Task to complete:
Look through the entries below and extract exactly the lines from the one containing "Oulun Osuuspankin pääkonttorin" through the one containing "см. для интерьера", ends included.

(Stored data Opens)

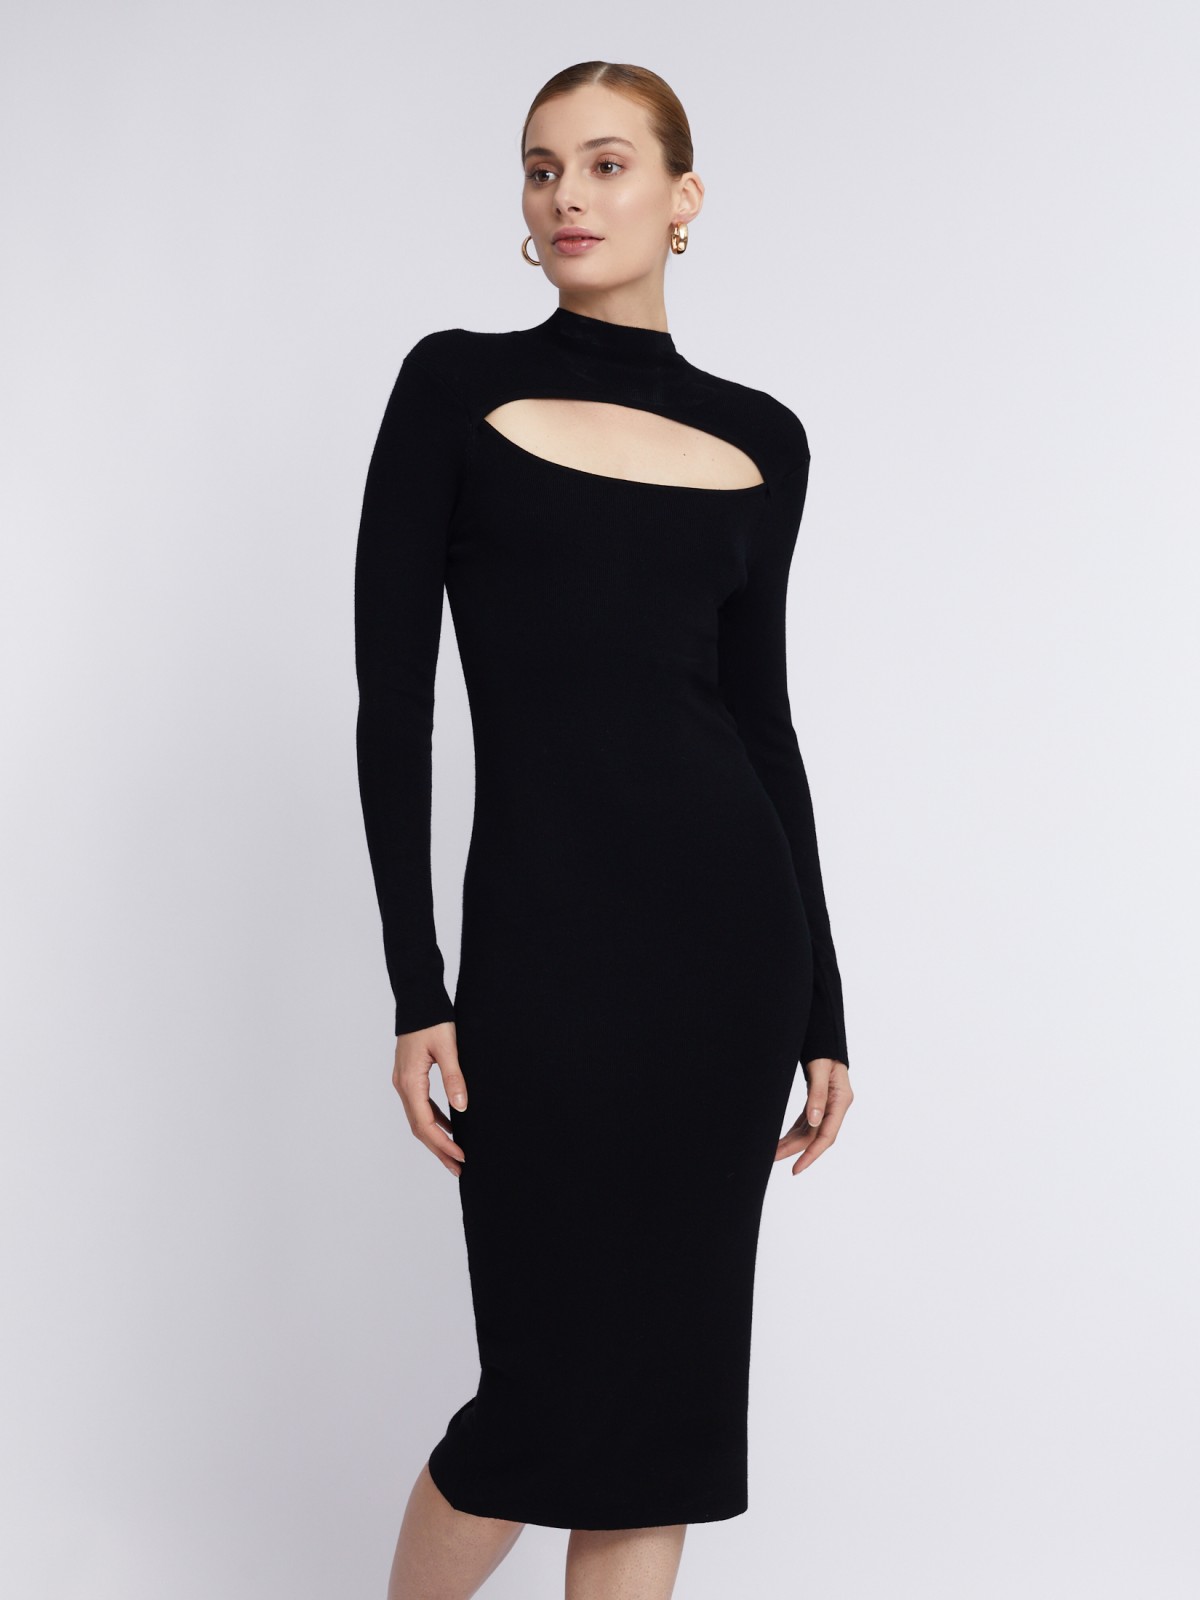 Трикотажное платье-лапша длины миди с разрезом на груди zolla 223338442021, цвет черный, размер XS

(Stored data Closes)
(Stored data Opens)

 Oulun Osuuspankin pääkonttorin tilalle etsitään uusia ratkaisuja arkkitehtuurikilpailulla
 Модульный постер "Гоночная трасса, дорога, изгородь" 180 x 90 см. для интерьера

(Stored data Closes)

Response:
 Oulun Osuuspankin pääkonttorin tilalle etsitään uusia ratkaisuja arkkitehtuurikilpailulla
 Модульный постер "Гоночная трасса, дорога, изгородь" 180 x 90 см. для интерьера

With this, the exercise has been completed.